The "sensing element" of a Field Effect Transistor (FET) nanobiosensor is the semiconductor channel (nanowire) of the transistor. This channel is fabricated using nanosized materials such as carbon nanotubes, metal oxide nanowires (ex: In2O3), or Si nanowires. A unique property of these materials is the very high surface to volume ratio: a very large portion of the atoms are located on the surface for the nanowires whereas all the atoms are surface atoms in the case of carbon nanotubes. Because of this, the nanowire/nanotube becomes extremely sensitive to the environment and to everything coming in close contact to its surface.
A specific recognition group can be used to coat the surface of the nanowire/nanotube, making the device specifically sensitive only to a particular target. This recognition group could be a single stranded DNA (capable of recognizing its complementary strand), an antibody (that recognize a particular antigene), an aptamer that shows affinity for a unique target, or a protein that specifically interact with another biological molecule. The presence of this recognition group on the nanowire surface gives to the device high specificity and exclusivity toward its target.
Once the nanowire based transistor has been coated with a specific recognition group, the device is ready to function as a nanobiosensor. In a working nanobiosensor, the current flowing throught the nanowire is monitored versus time. Initially, some voltage is applied between the transistor's source and drain and the resulting current is used asbaseline signal. At this point the device is contact with some physiological solution but the target molecule is not present.

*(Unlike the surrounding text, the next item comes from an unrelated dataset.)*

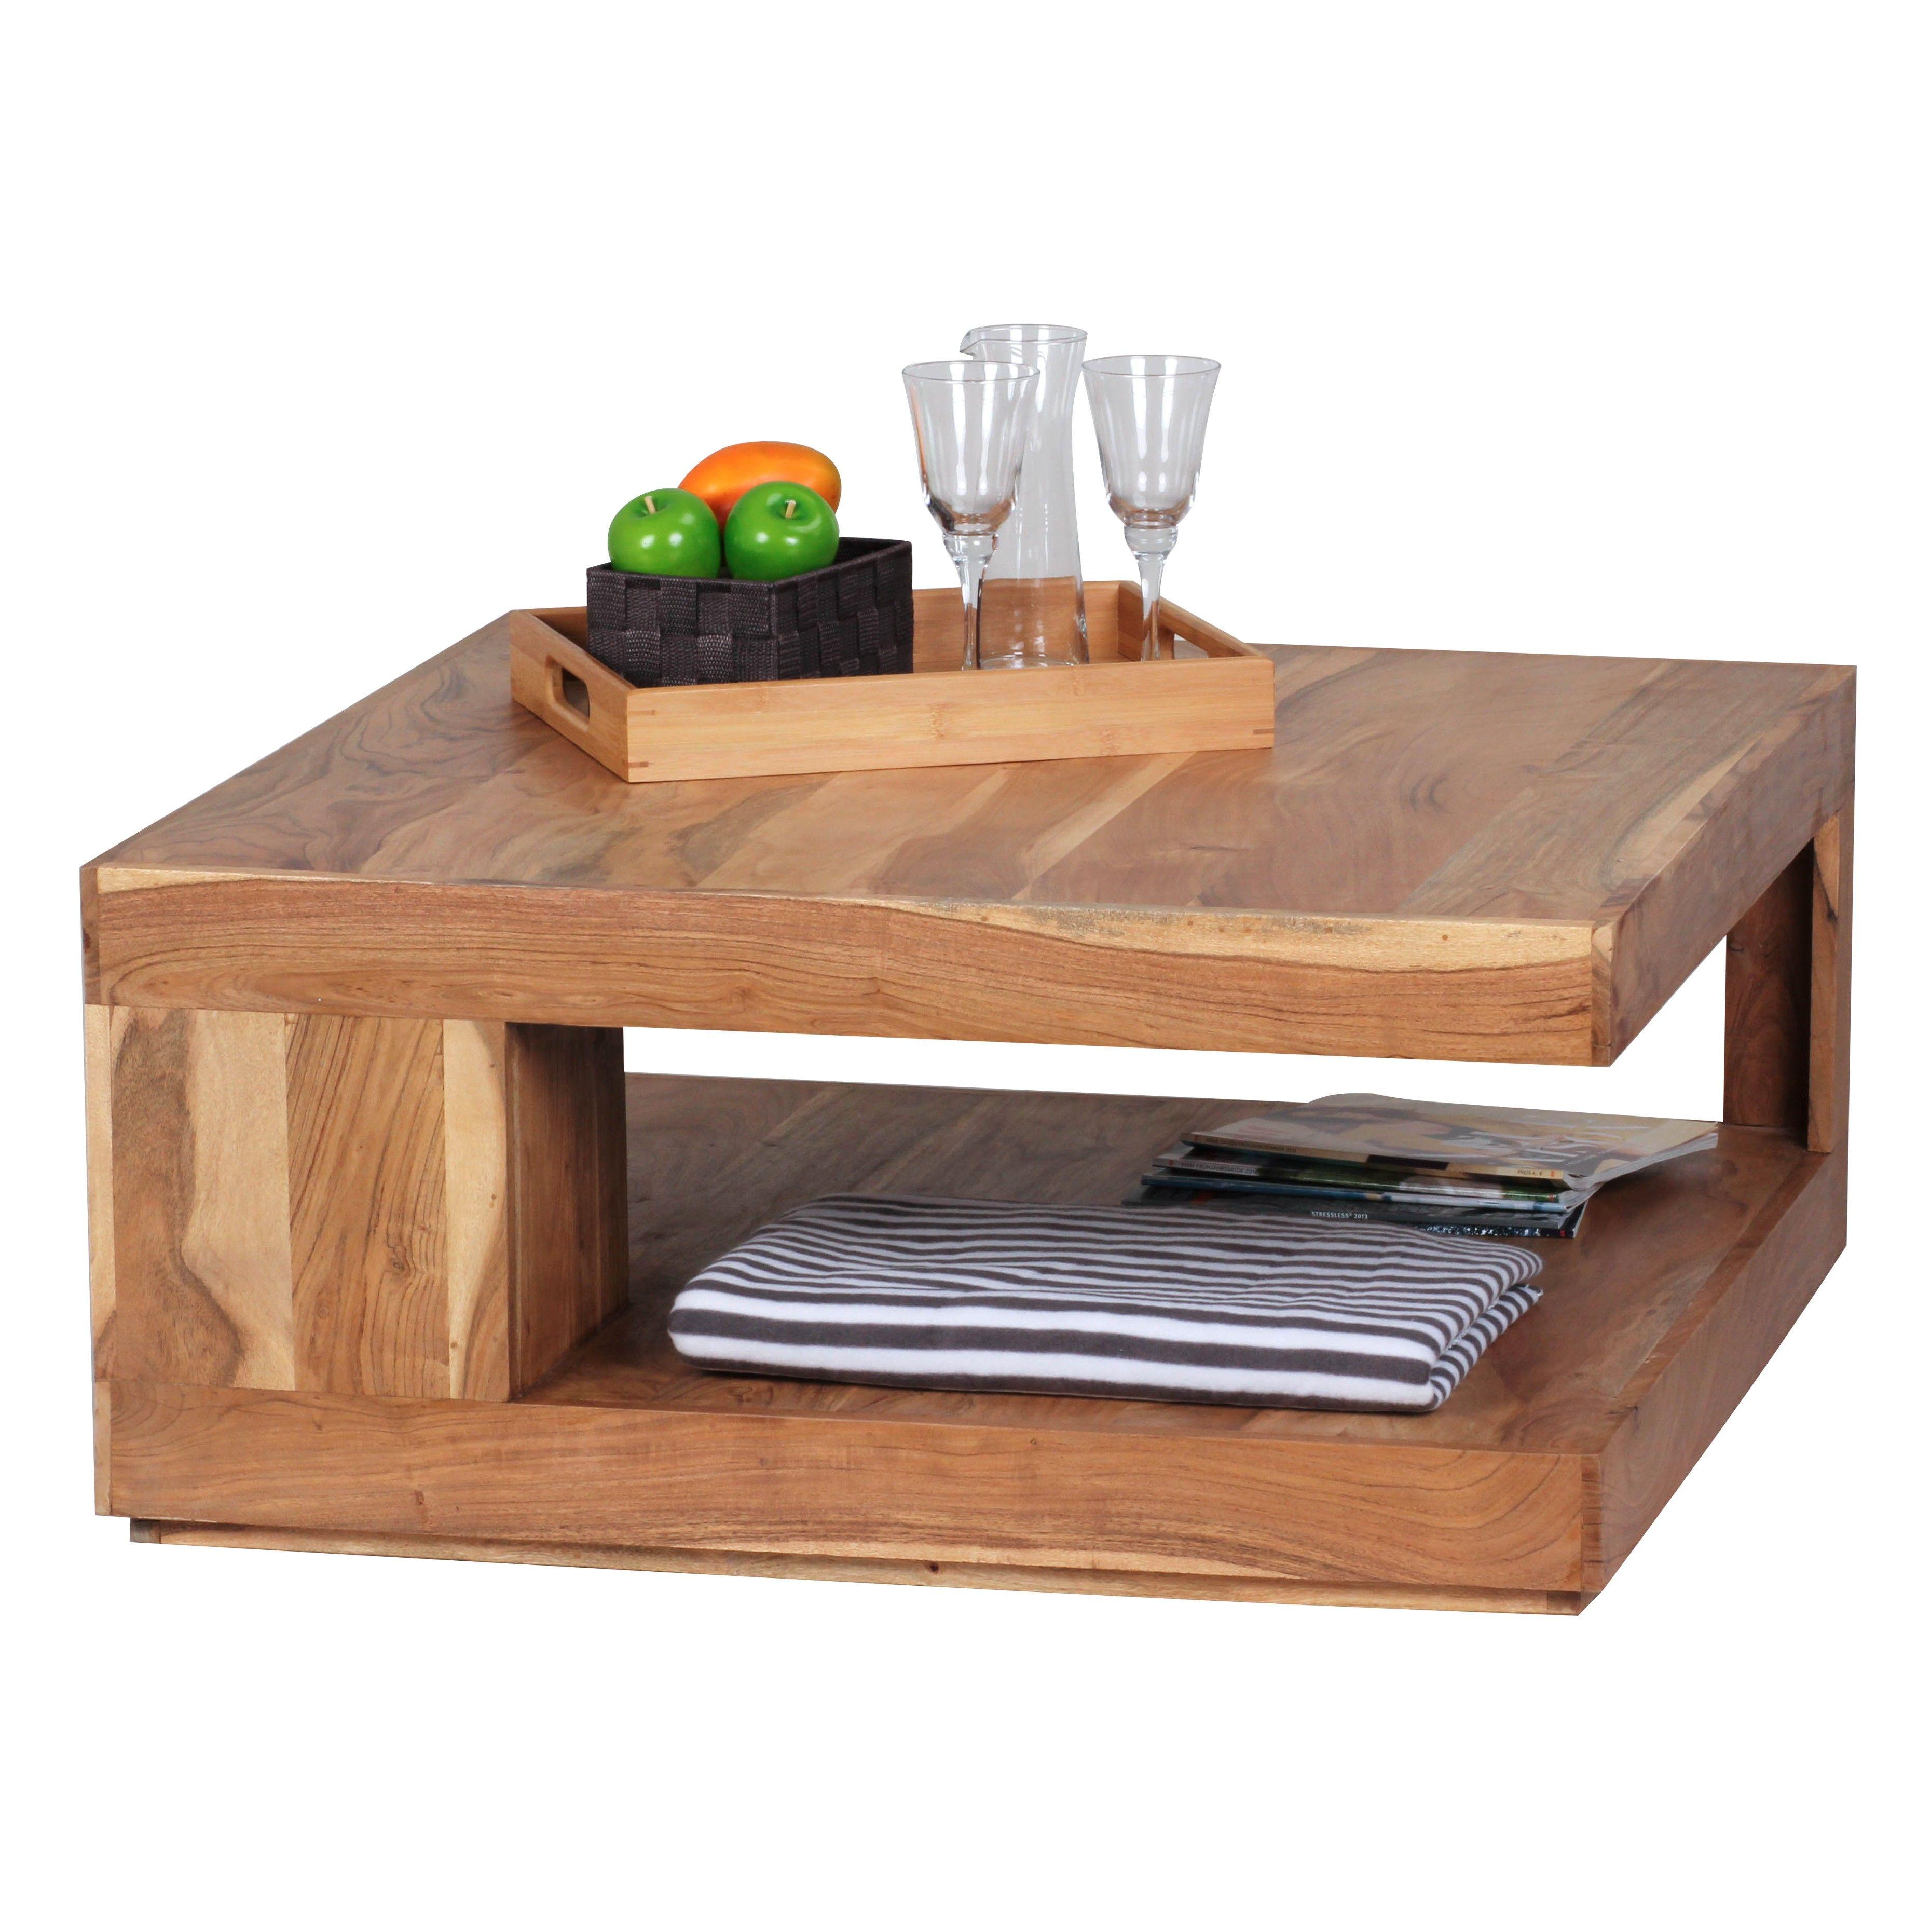 Couchtisch Holz Rund | Das Beste Von Couchtisch Holz Rund ...
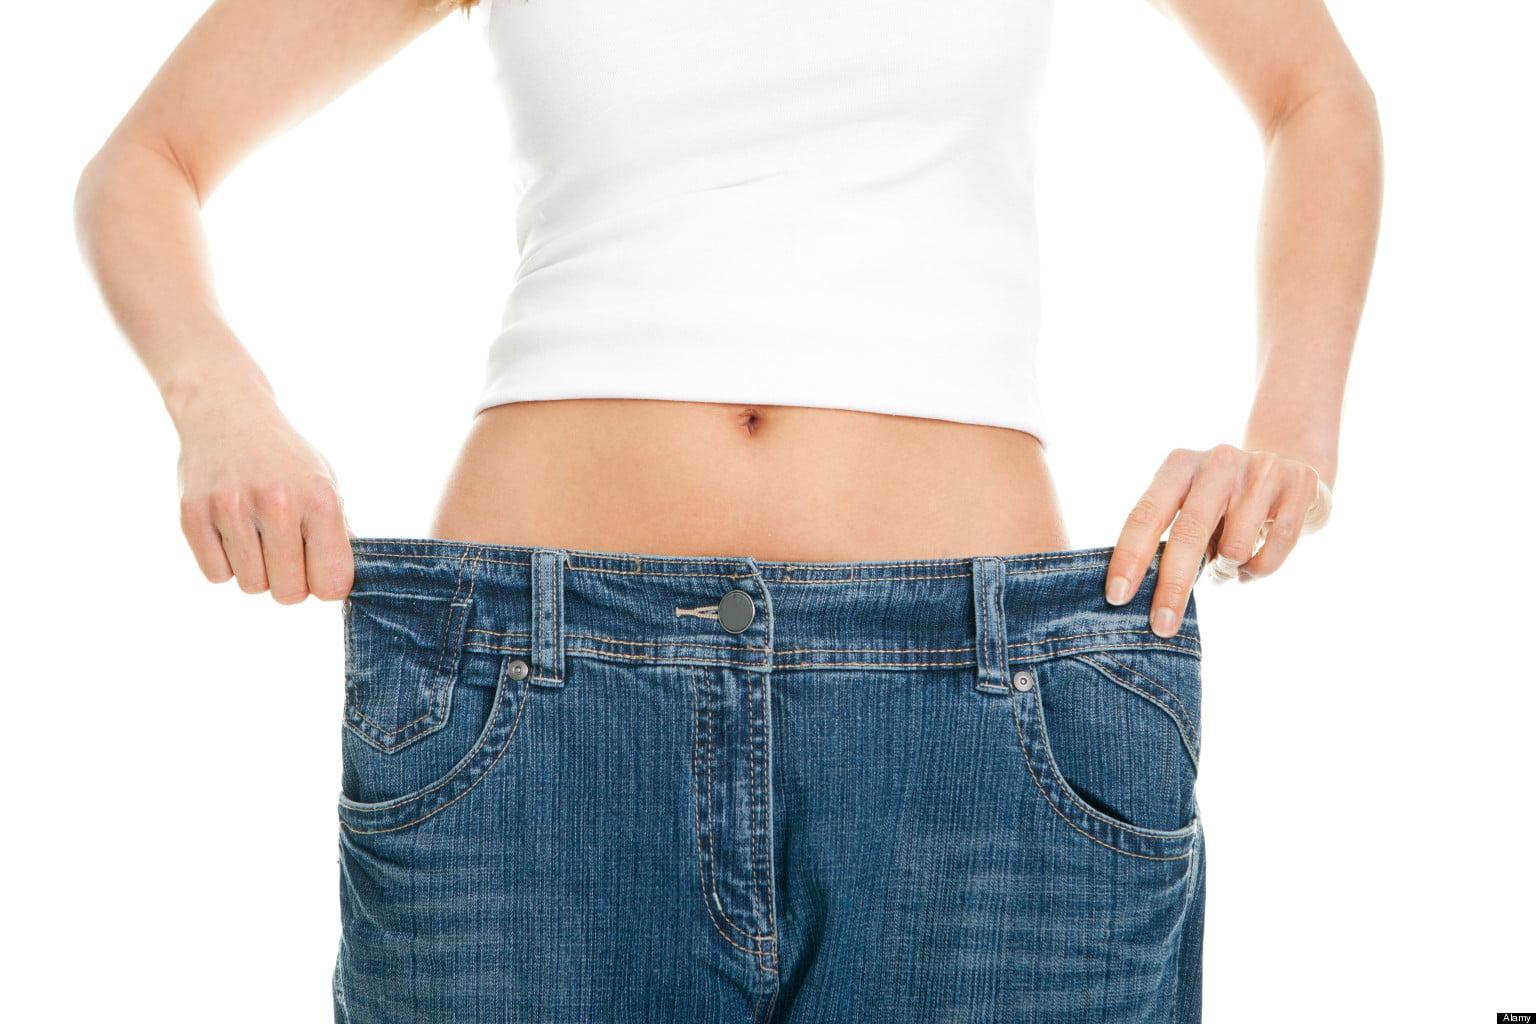 timonium ideal de pierdere în greutate pierdere în greutate sănătoasă de centimetri pe săptămână

The target biomolecule is usually a charged molecule in aqueous media. These charges can act as chemical gate for the transistor, modifying its electrical properties. These charges influence the current flow in the nanowire by injecting holes or electron. Once the target molecule interacts with the surface of the nanowire/nanotube, the current flowing through the nanowire either decreases or increases (depending on the type of charge injected). This is the signal that alert the analyst about the presence of biomolecule for which the nanobiosensor was designed.
These two NanoBioSensors were designed to detect the presence of the PSA protein, a biomarker used in oncology to monitor the growth of prostate cancer. The top device was fabricated using a single Indium Oxide nanowire whereas the bottom device was made with a mat of carbon nanotubes. After having established a baseline current we added: a drop of buffer solution to check how the mechanical disturbance would affected the baseline signal; a solution containing the BSA protein, a non-target molecule for which our device did not show any response; a solution containing the PSA protein, which, upon interacting with the device surface, caused the conductivity to change (positive response).